Retail prices tended to average in the $2.70 set range throughout the crisis, though there were reports of some stations charging $4 or higher. Much higher in a few cases.

Given that such disasters typically hit retailers just as hard as their customers, such extraordinary pricing might be an attempt to profiteer on the situation (though obviously at the expense of potential price gouging lawsuits and brand damage) or it could easily be more marginal operations desperately trying to stay in business.

In a release made available on Business Wire GasBuddy.com commented on price gouging in a press release aim to promote its consumer app and a newly launched “price gouging” reporting feature. The release titled “GasBuddy Warns Motorists of Unusually High Prices at Some Gas Stations in Affected Areas In Wake of Hurricanes Harvey, Irma” by and large confirmed that events that would typically be considered price gouging were few and far between. However, citing that between 24% and 20% of the stations in impacted states were $0.20 or more above the average state price for gasoline gas Buddy analyst Patrick DeHaan suggested a notable underlying degree of profit-taking by the industry.
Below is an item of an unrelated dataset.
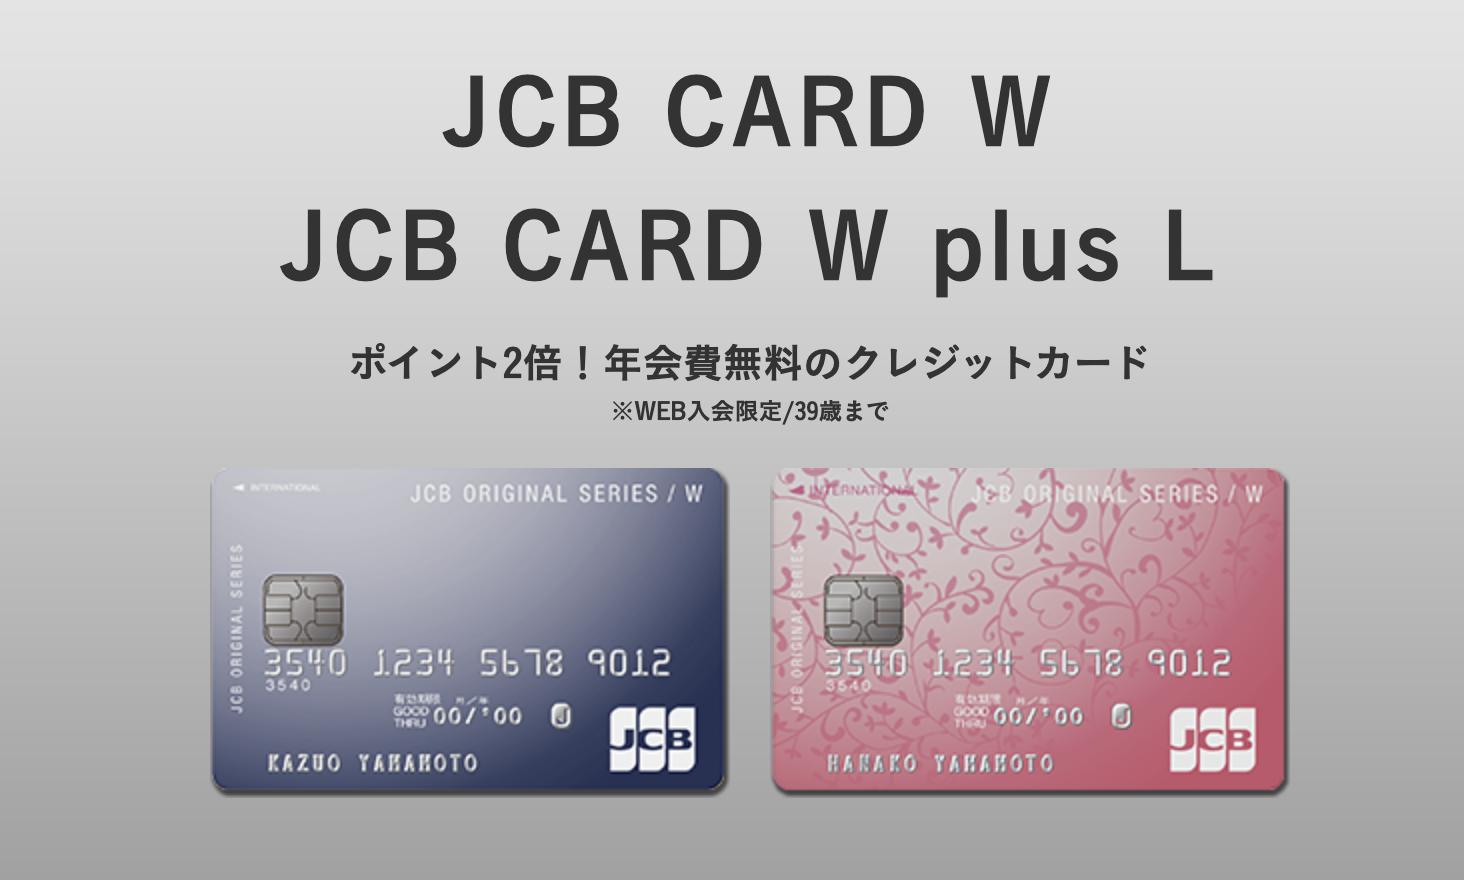 39歳以下ならJCB CARD W/ W plus L!オリジナルシリーズの年会費無料カード

“Our data shows that while price gouging has taken place in the affected areas, it’s on a fairly limited basis,” said Patrick DeHaan, a senior petroleum analyst at GasBuddy. “That’s the good news. What we are seeing is tantamount to ‘death by a thousand paper cuts.’ Which is to say, stations are taking advantage of the current state of supply and demand, driven by life-threatening circumstances, to raise prices in a more imperceptible way that’s still adverse to motorists, particularly in these dire circumstances.”

Another interpretation might be that no state has a uniform market environment and such low-level price discrepancies could easily be explained by the particular supply dynamics for the sites in question. That’s particularly the case in a highly disruptive natural disaster.